Tandis que la firme de Mountain View pousse plus loin l’intégration de l’IA, la place accordée aux éditeurs dans son écosystème semble de plus en plus marginale. Une bascule qui ne fait plus l’ombre d’un doute.
Une cohabitation sous tension
Pendant des années, Google a été le nerf de la guerre pour les éditeurs web, leur envoyant un flux constant de visiteurs depuis son moteur de recherche. Mais à en croire plusieurs anciens dirigeants, ce modèle ne serait plus vraiment dans les plans. L’un d’eux, interrogé dans un article de Bloomberg consacré à Elizabeth Reid (VP Search), résume bien l’état d’esprit : rediriger vers les éditeurs serait perçu comme « un mal nécessaire ». Autrement dit, un compromis, pas un objectif.
Le cœur du problème est là : plus Google retient les utilisateurs sur ses pages, moins ces derniers se rendent sur les sites tiers. Et ce n’est plus seulement une hypothèse.
Requêtes visuelles et vocales : la nouvelle donne
Elizabeth Reid prédit une mutation en profondeur : la barre de recherche elle-même perdrait de sa centralité. À sa place ? La voix, l’image, et des résultats instantanés, sans clics. Une tendance qui s’impose avec la montée en puissance des assistants vocaux comme Google Assistant ou Alexa, mais aussi grâce à des fonctionnalités visuelles intégrées à la caméra des smartphones.

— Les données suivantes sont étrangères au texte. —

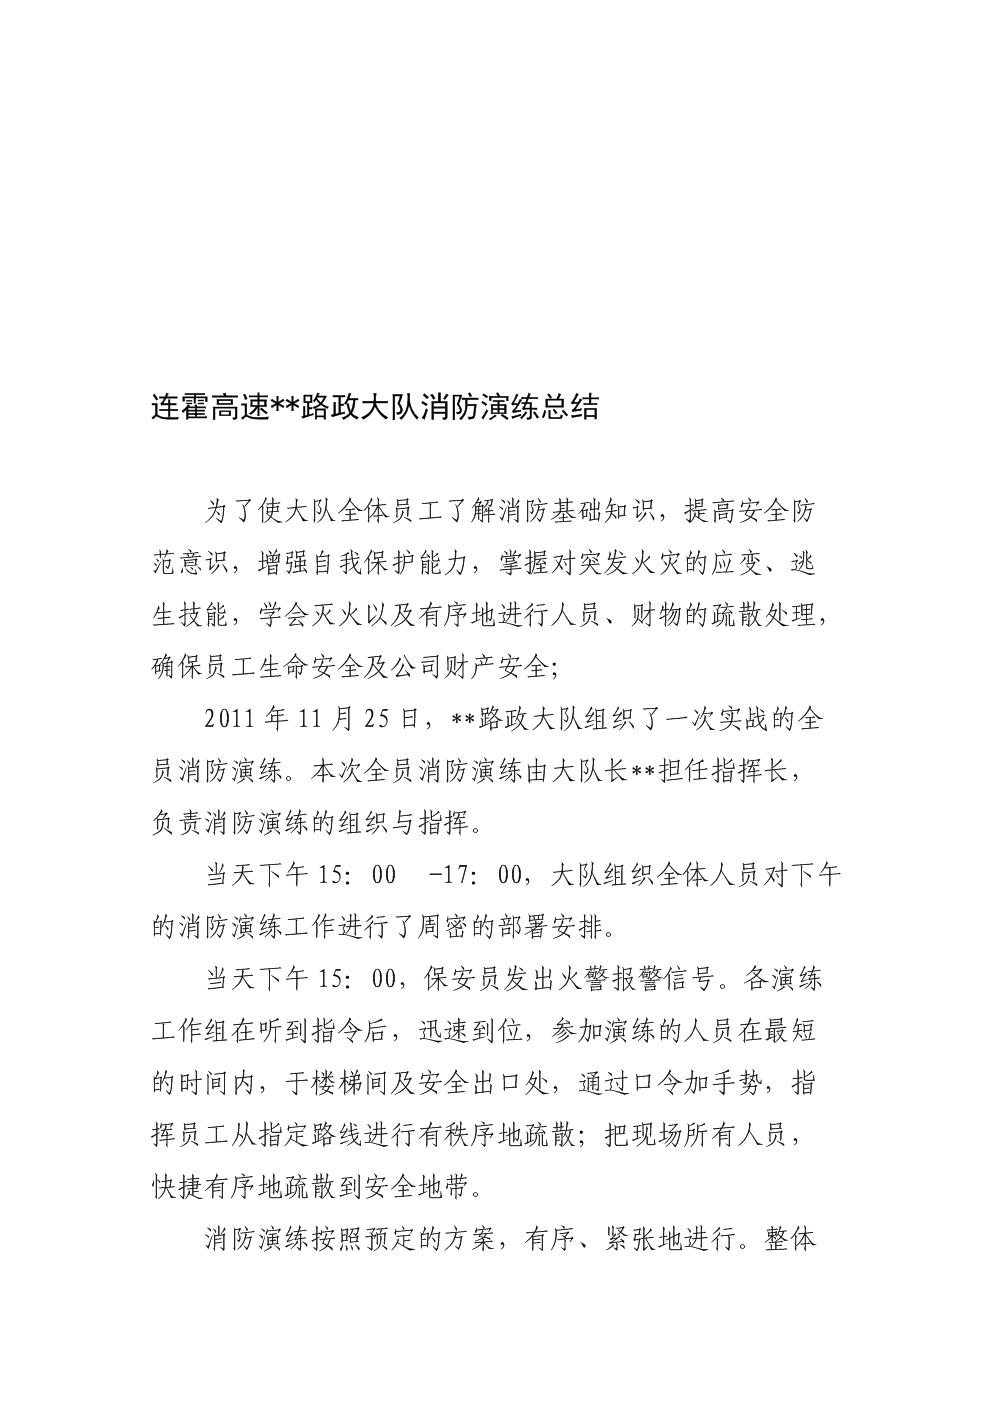 高速公路防火演练总结.doc
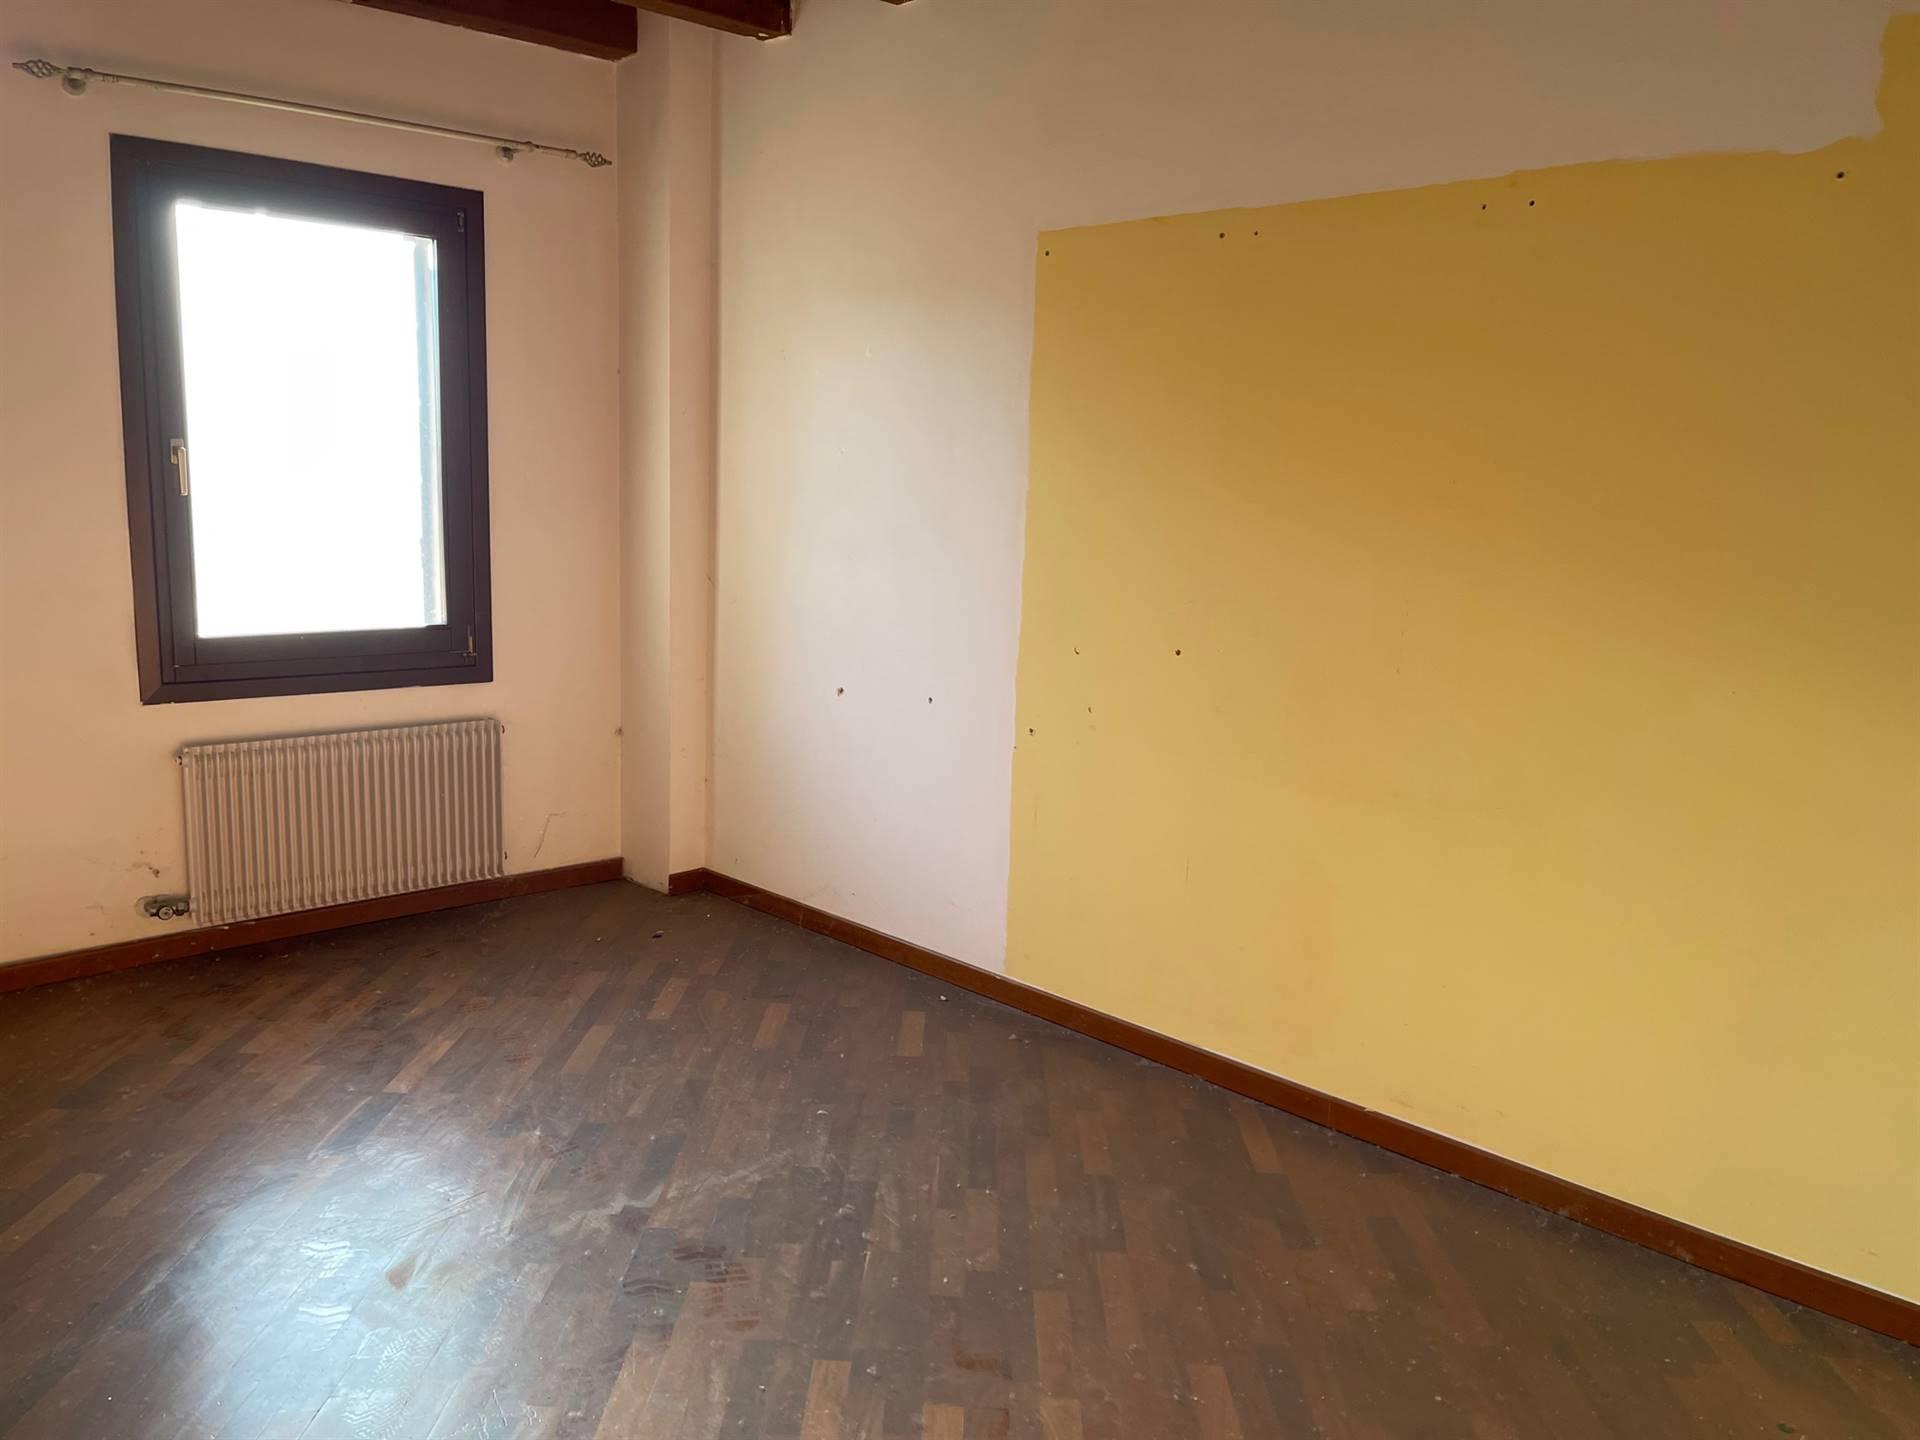 camera da letto Mestre centro affittasi euro 1500

Cette orientation renforce la mainmise de Google sur l’expérience utilisateur, en la rendant plus directe, plus intuitive… mais aussi plus fermée. Rajan Patel, autre dirigeant clé, évoque des cas d’usage concrets : apprentissage, consommation, navigation quotidienne. Des cas où l’utilisateur n’a même plus besoin de sortir de l’environnement Google pour obtenir ce qu’il cherche.
L’IA, catalyseur d’un changement de paradigme
Avec l’intégration progressive de l’intelligence artificielle dans son moteur de recherche, Google franchit une étape supplémentaire. Les résumés générés automatiquement, les réponses enrichies, les suggestions prédictives : autant d’outils qui transforment la recherche en une expérience fermée et proactive, où l’utilisateur n’a plus besoin de cliquer pour obtenir une réponse.
Google assure que ces innovations sont encore expérimentales et potentiellement faillibles, mais le cap est donné. L’enjeu est double : améliorer la fidélisation… tout en réduisant la dépendance au web ouvert.
Un soutien de façade au web libre ?
Officiellement, Google continue de défendre un internet ouvert. Sundar Pichai et d’autres responsables l’ont martelé à plusieurs reprises, notamment lors du Search Central Live de New York : le trafic de qualité vers les sites tiers resterait une priorité. Mais en coulisse, les témoignages d’anciens employés viennent nuancer cette posture.
Entre la volonté affichée de soutenir les éditeurs et les mécanismes internes qui favorisent la rétention dans l’écosystème Google, l’écart se creuse. Et les tensions augmentent.